Indiquant qu’une priorité pour Bosch est que « les finalités économiques aient une dimension sociale et écologique » les principes de l’accord reposent sur les principales normes de l’Organisation internationale du Travail.

Au cœur de l’ACM, se retrouvent des dispositions concernant le droit à la liberté d’association et à la négociation collective, les droits des enfants, la santé et la sécurité professionnelles, l’égalité des chances et le rejet du travail forcé.

En plus de couvrir l’ensemble du Groupe Bosch, dont les activités sont reparties dans les secteurs des techniques automobiles, des techniques industrielles et des biens de consommation et techniques du bâtiment, l’accord stipule que l’entreprise exclura les fournisseurs dont il s'avérera qu'ils ne respectent pas durablement les principales normes de l’OIT.

BMW

L’accord précise encore que le Groupe BMW entend que ses partenaires commerciaux et ses fournisseurs appliquent ces principes en tant que critères pour le maintien de relations d’affaires durables.
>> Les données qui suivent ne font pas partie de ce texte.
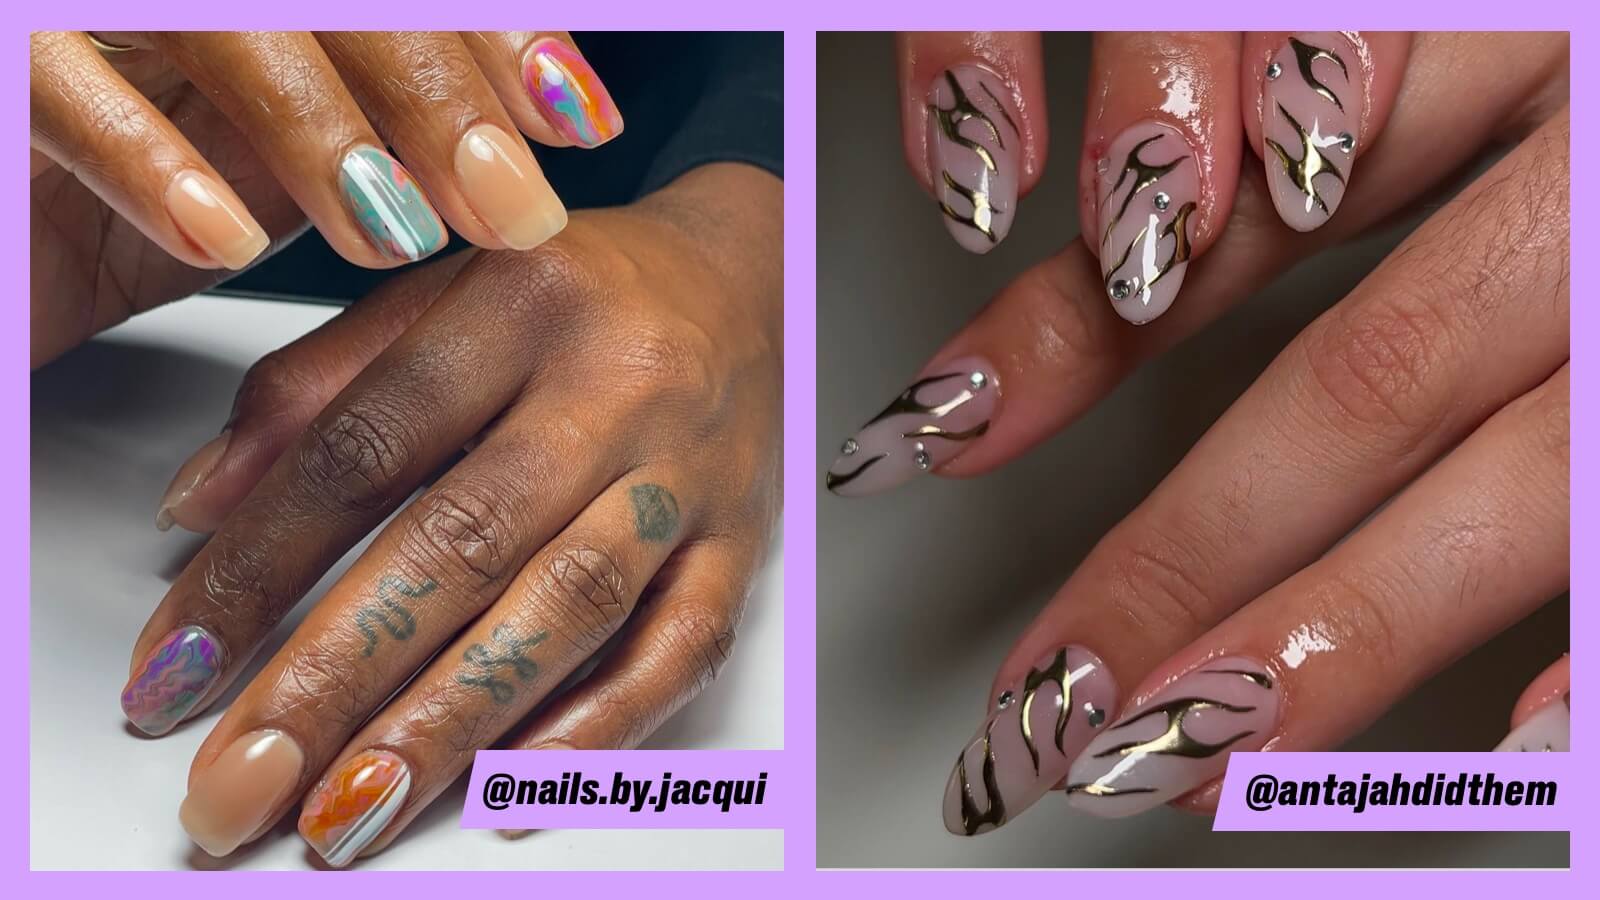 6 Nail Art Designs With Just 1 Nail Polish – DeBelle Cosmetix Online Store
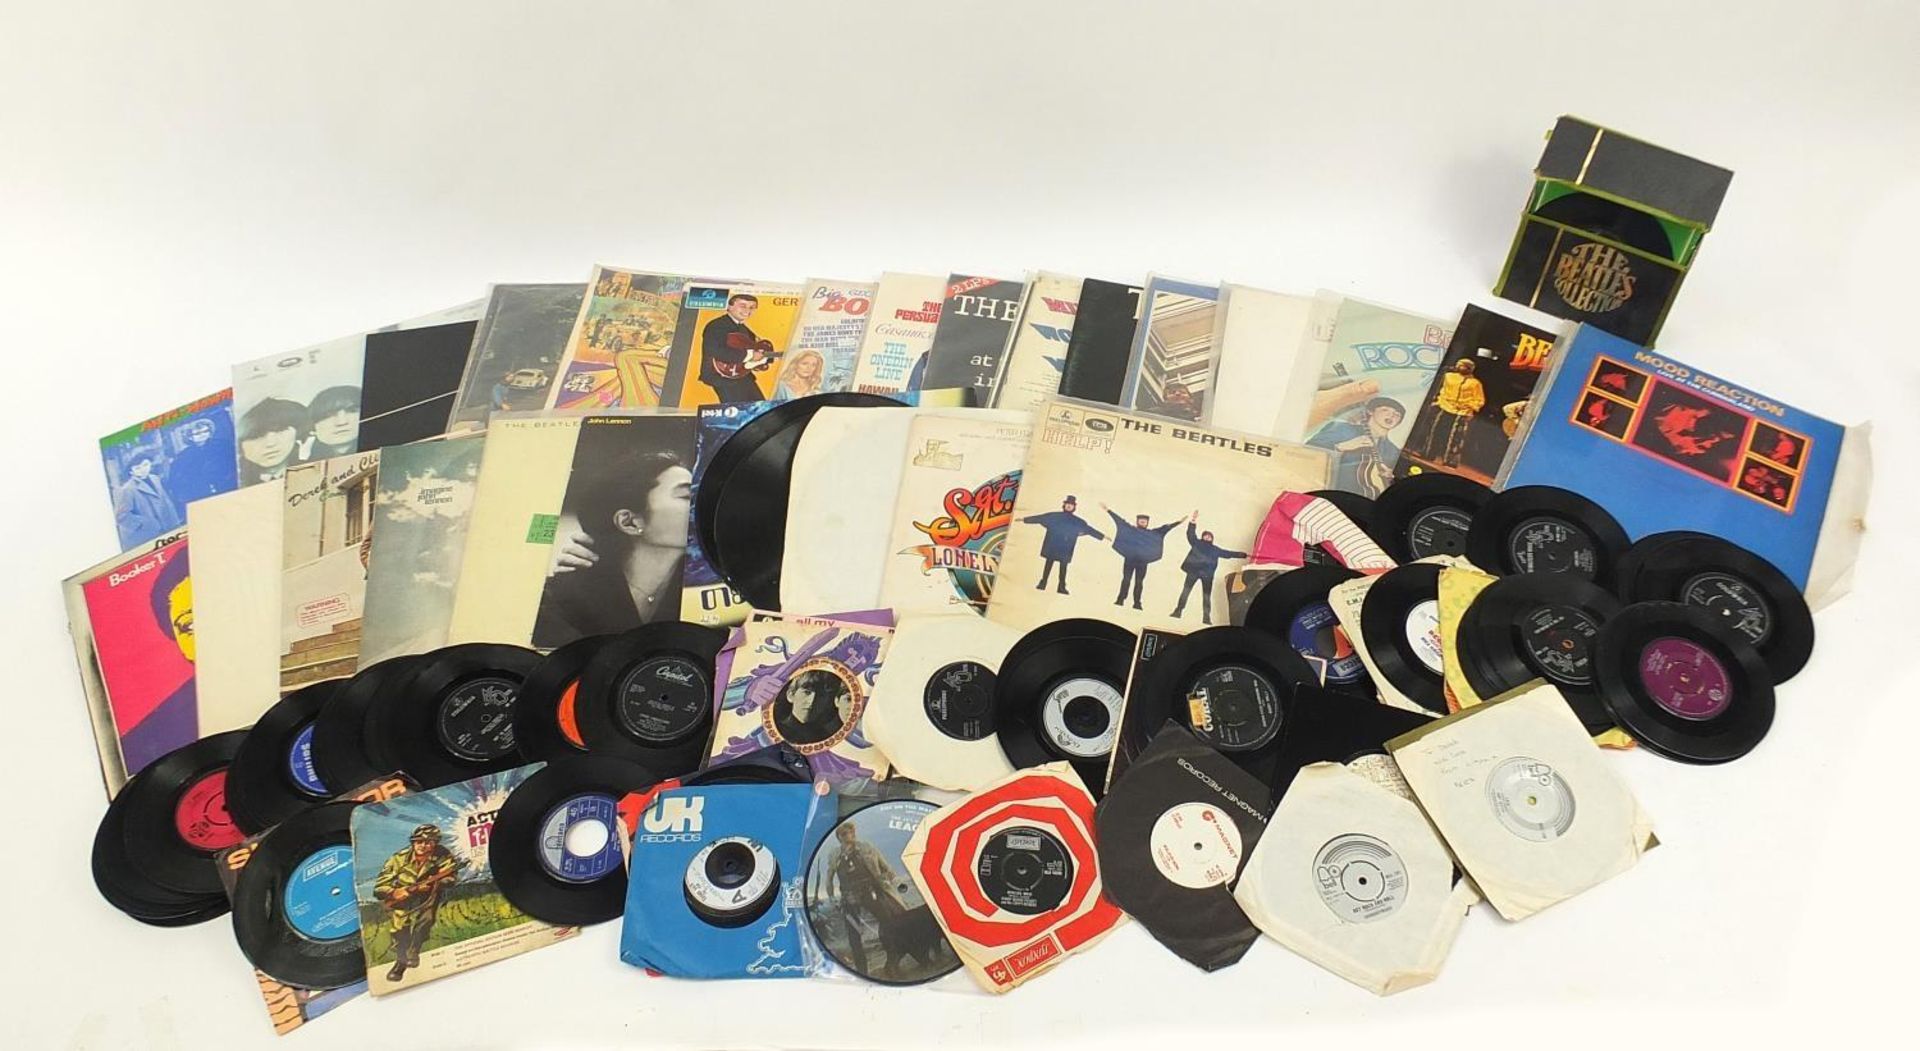 Vinyl LP's and 45rpm records including Led Zeppelin, The Beatles Collection and Abbey road

Cet accord a été signé après d’éprouvantes et longues négociations entre l’entreprise et les représentants des syndicats et des travailleurs.

Evonik

L’accord vise à renforcer le dialogue social et l’échange mutuel d’informations, au renforcement du succès économique de l’entreprise et à assurer de bonnes conditions de travail et leur amélioration constante.

L’accord garanti les efforts visant à assurer des conditions de santé et de sécurité au travail et affirme l’engagement de l’entreprise par rapport au développement durable.

Les normes fondamentales du travail de l’OIT sont la clé de voute de l’ACM.

AngloGold

L’accord a été signé par le PDG d’AngloGold, Bobby Godsell, Fred Higgs, ex-Secrétaire général de l’ICEM et Senzeni Zokwana, Président de l’affilié  d’IndustriALL en Afrique du Sud, le Syndicat national des Mineurs (NUM), qui a été le facilitateur des négociations qui ont conduit à l’accord.

Les droits humains et syndicaux ainsi que les dispositions en matière de sécurité et de formation sont spécifiquement liées aux normes internationales définies par les Conventions de l’Organisation internationale du Travail de l’ONU (l'OIT). On s’est également assuré que l’accord soit totalement compatible avec l’initiative de l’ONU du Pacte mondial ce qui aidera à donner davantage de substance à l’accord.

AngloGold déploie ses activités en Australie, en Argentine, au Brésil, au Mali, en Namibie, en Tanzanie, aux Etats-Unis, au Zimbabwe et bien sûr en Afrique du Sud. Il garanti que les syndicats affiliés à l’ICEM soient intégralement reconnus au sein des activités de l’entreprise partout dans le monde et ceci leur donne voix au chapitre pour la mise en œuvre de meilleures pratiques en matière de relations sociales.